Special correspondent Irina Kravtsova tells the story of four cousins from Dagestan, abused in their households, who managed to escape from Russia

On 29 October, a group of four young women who happen to be cousins ran away from home and spent several months hiding. Upon their attempt to enter Georgia, Russian border guards had detained the young women and had kept them at the border checkpoint under false pretences until their relatives, who threatened the girls with murder, arrived. Ten hours later, thanks to the public exposure of their story and the help of human rights defenders, the young women managed to leave Russia at last.

The four used to suffer physical violence in the family; their relatives demanded “religious obedience” from them. The four also suffered female genital mutilation in childhood. They were considering a runaway for a long time and made their minds when one of the sisters found out she could be married off to her own cousin. The sisters waited until the youngest of the group turned 18 and, with the help of NC SOS, escaped Dagestan on 7 August.
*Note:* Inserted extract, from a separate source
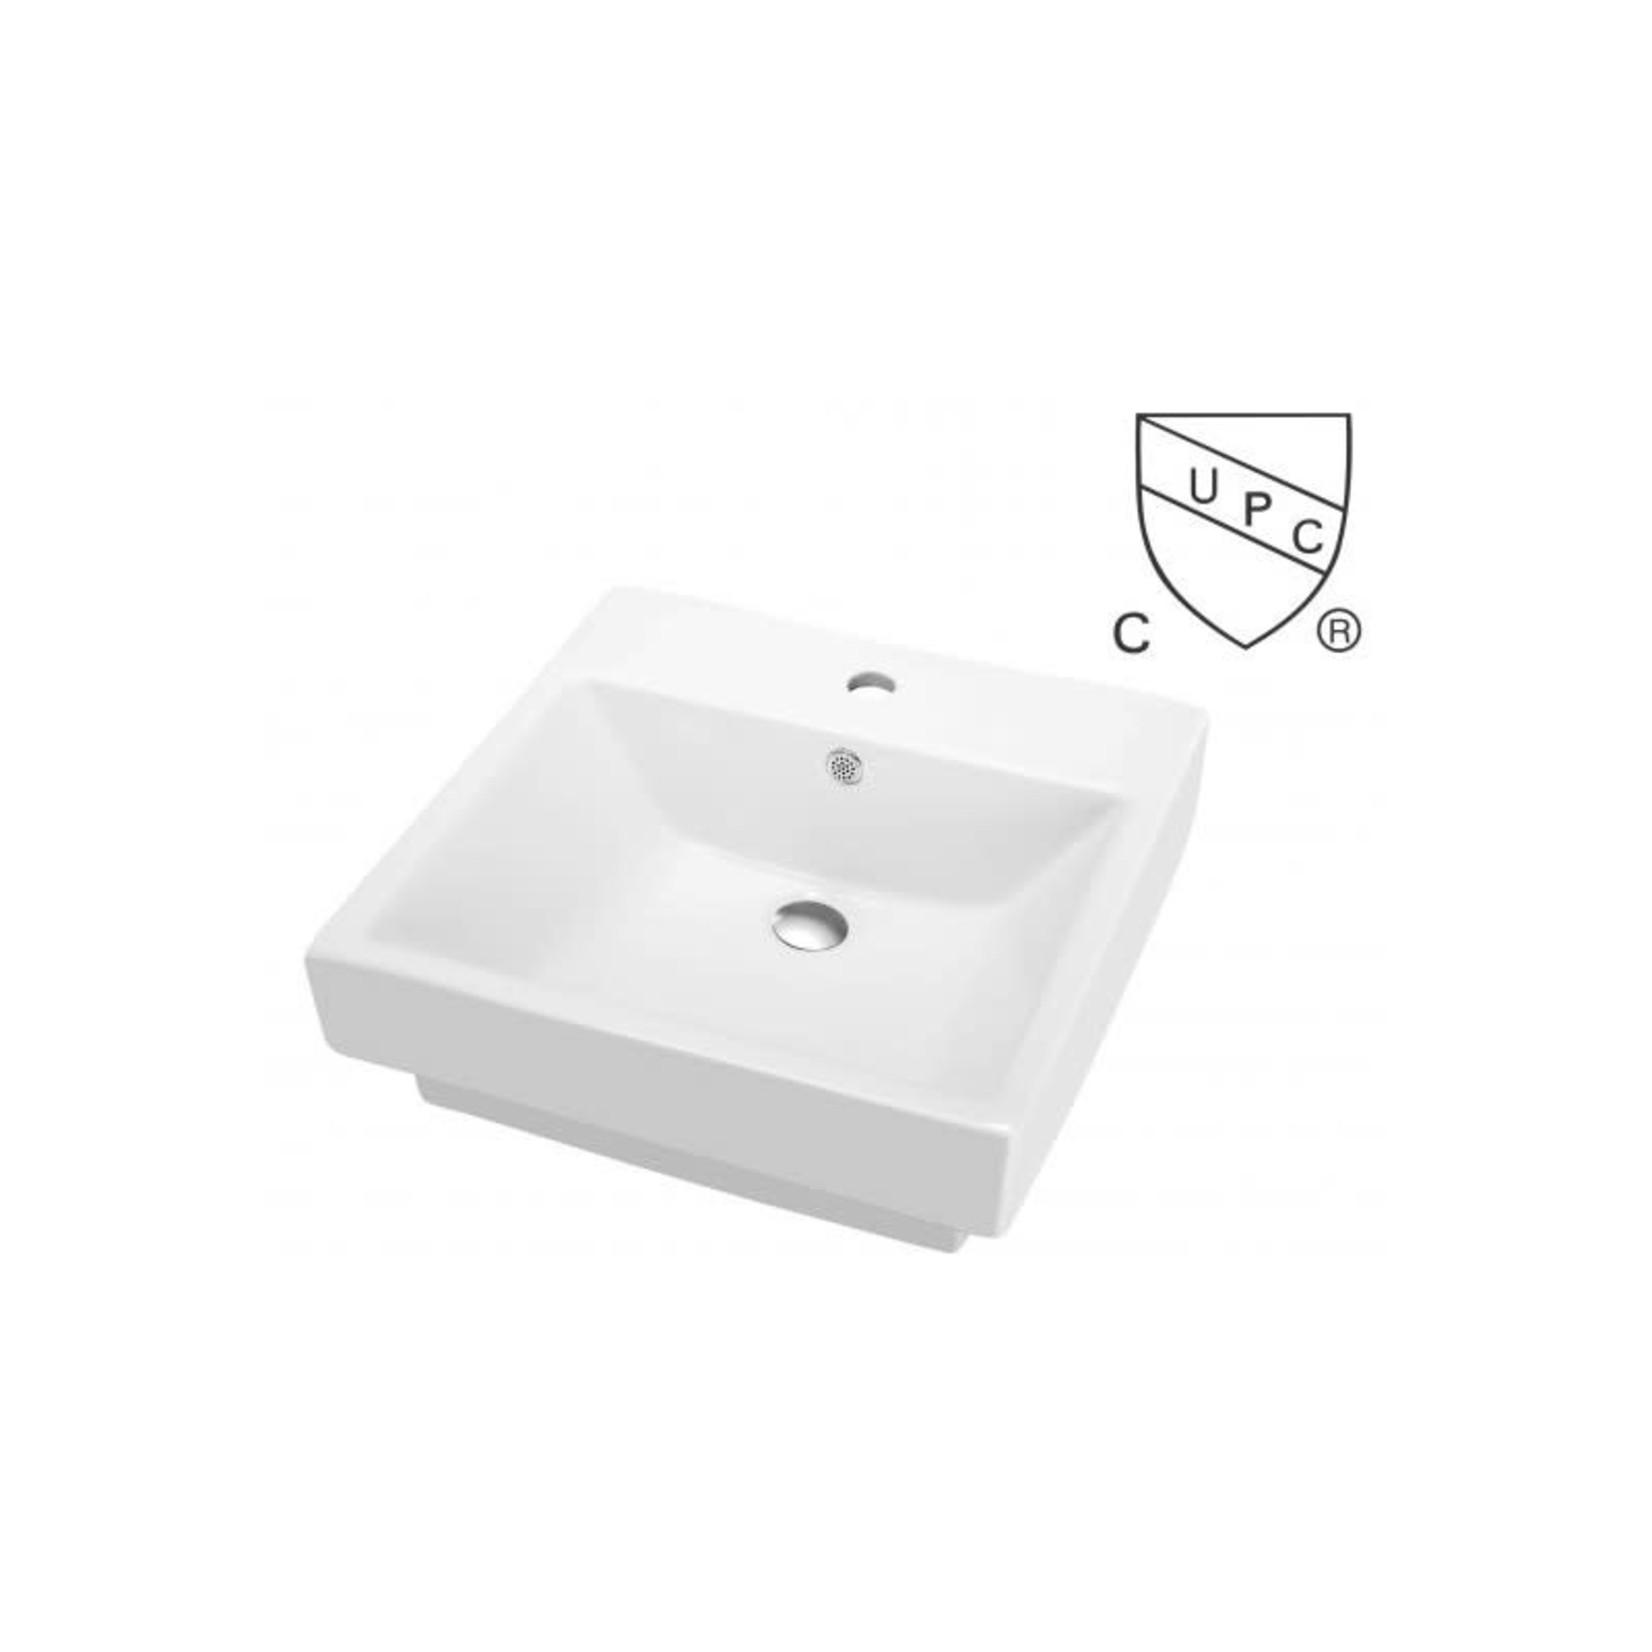 Porcelain washbasin S-300
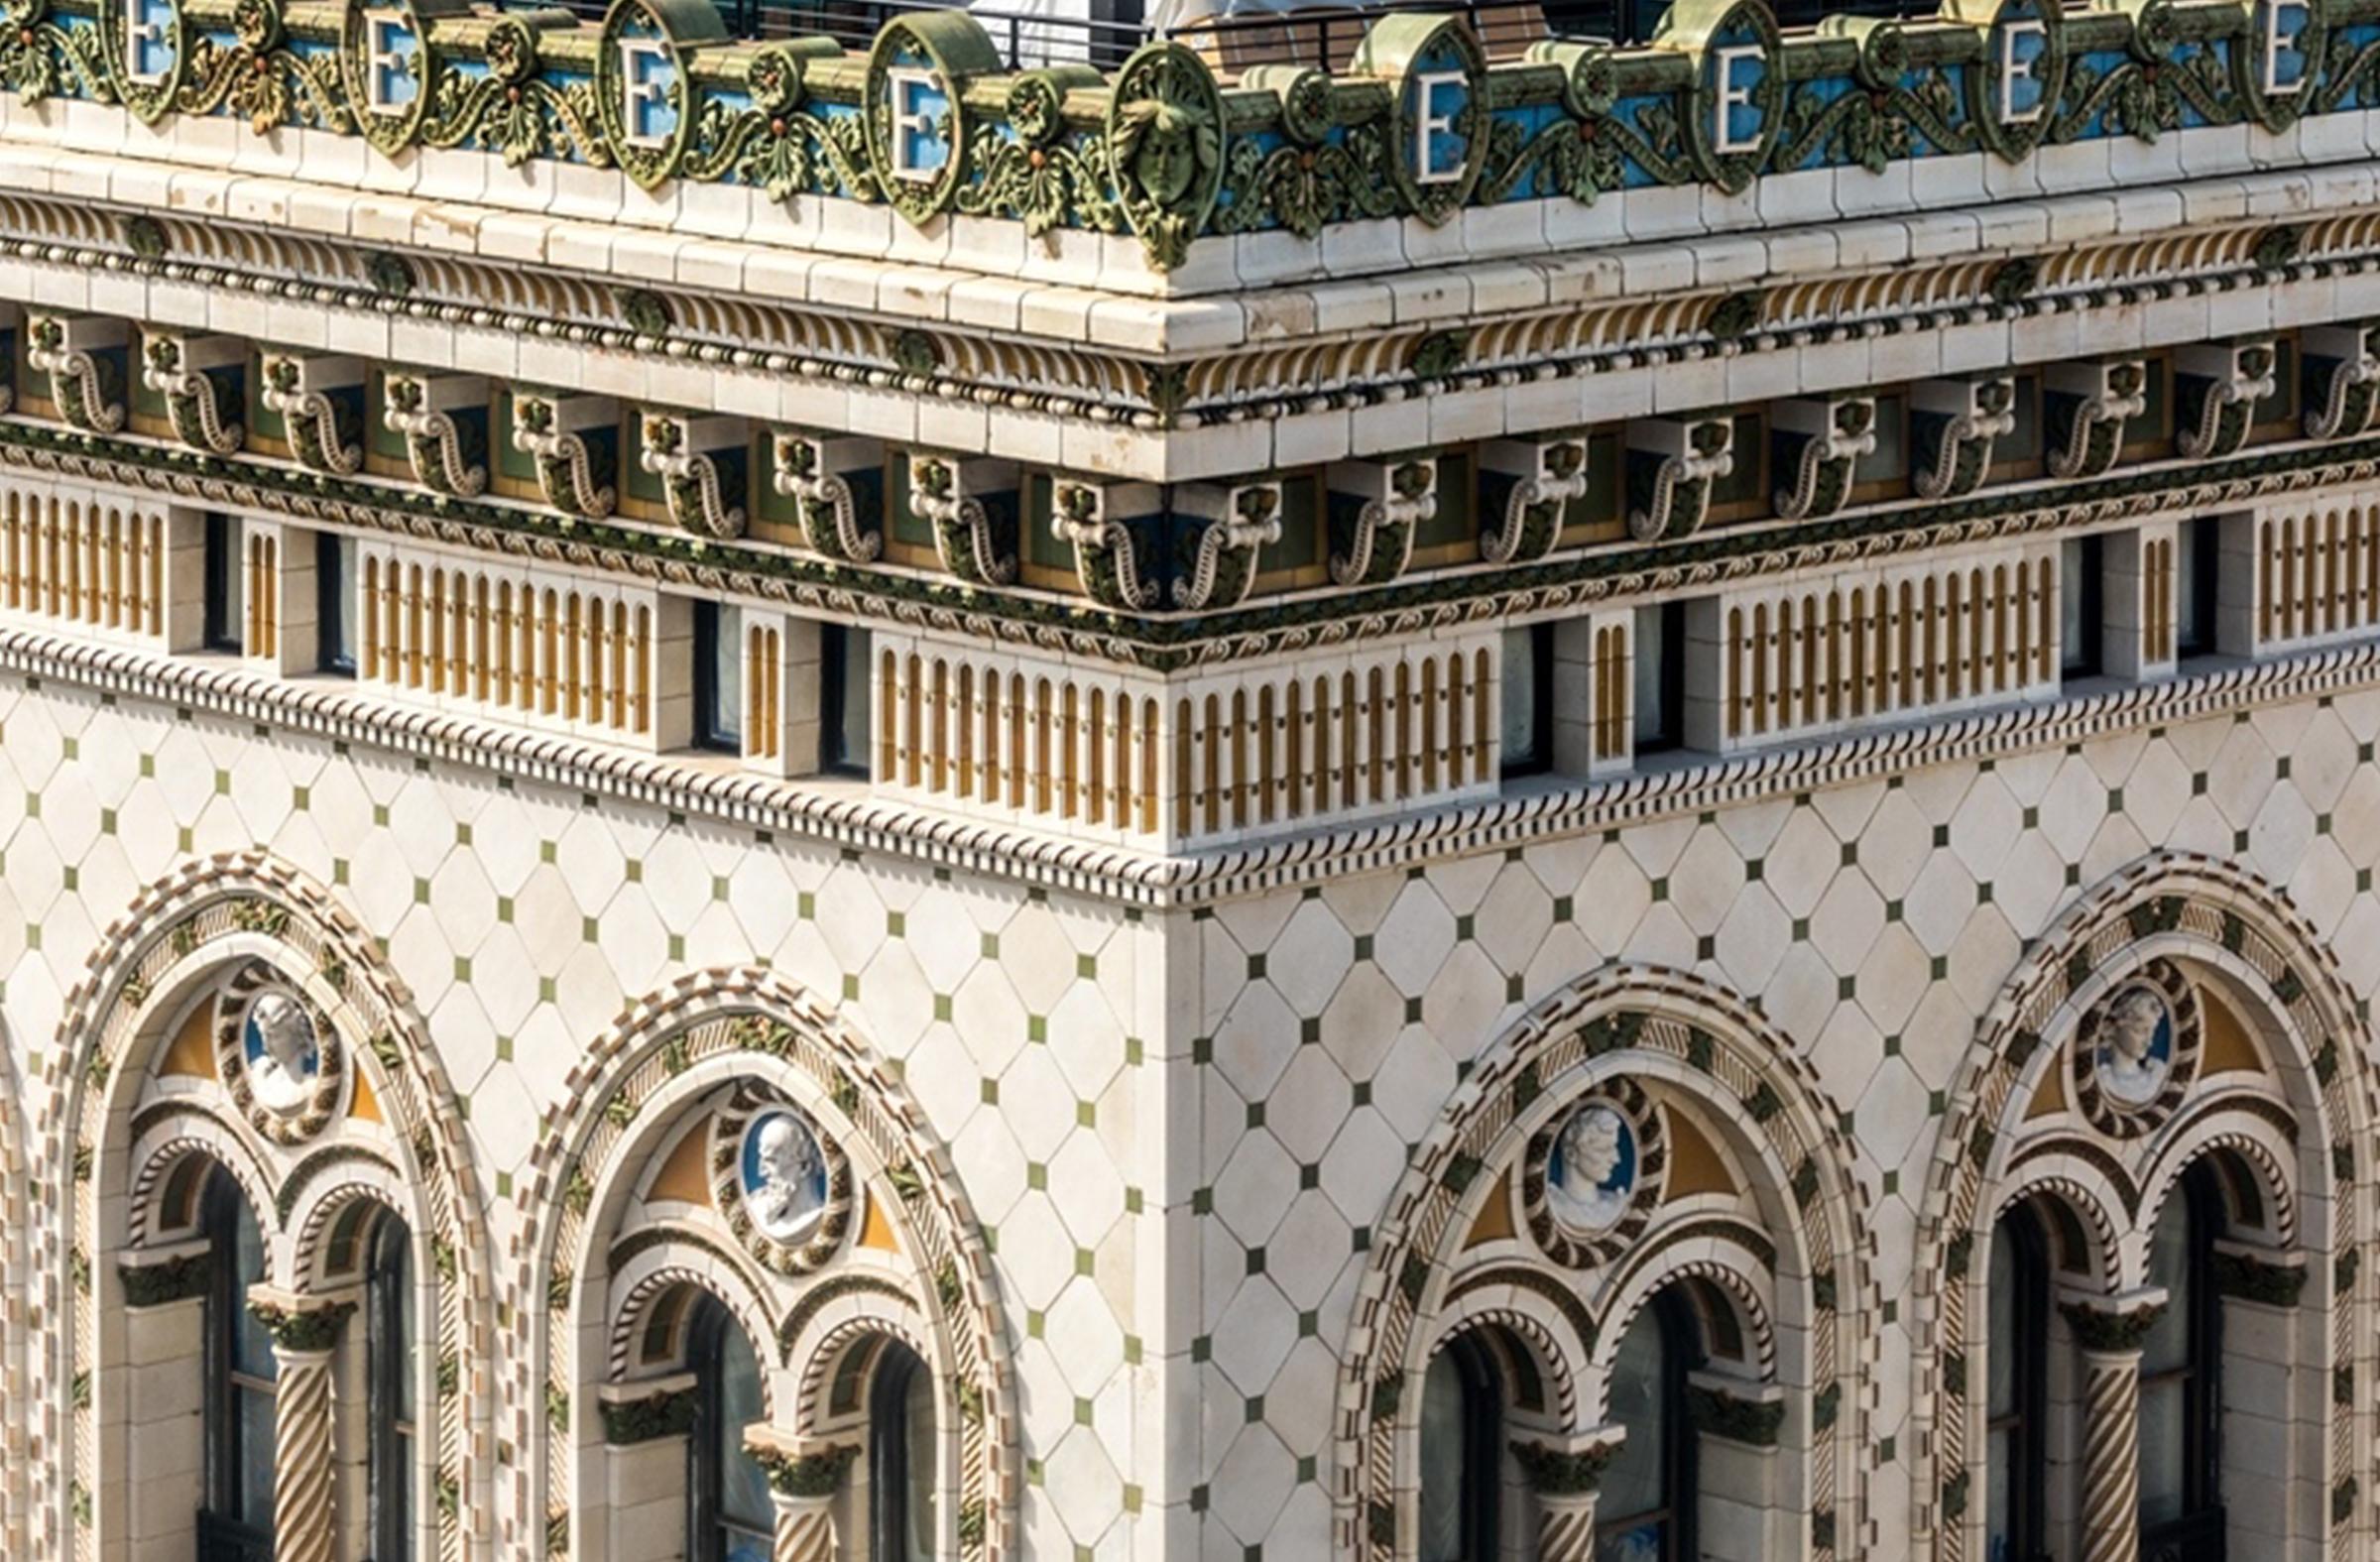 Exterior Building Ornate.jpg

Later, the Muftiat of Dagestan published a statement by the chairman of the Kaspiysk imam council, which said that the escape of the girls was due to the influence of social networks. “Because of those phones, fathers lose their sons and mothers lose their daughters. We cannot keep track of our children, the growing youth, we do not understand what they do in those gadgets,” he said. The imam believes that the girls were “recruited on the Internet” and got inspired by the idea that they were “much higher than what they really are” and that they “should be free.”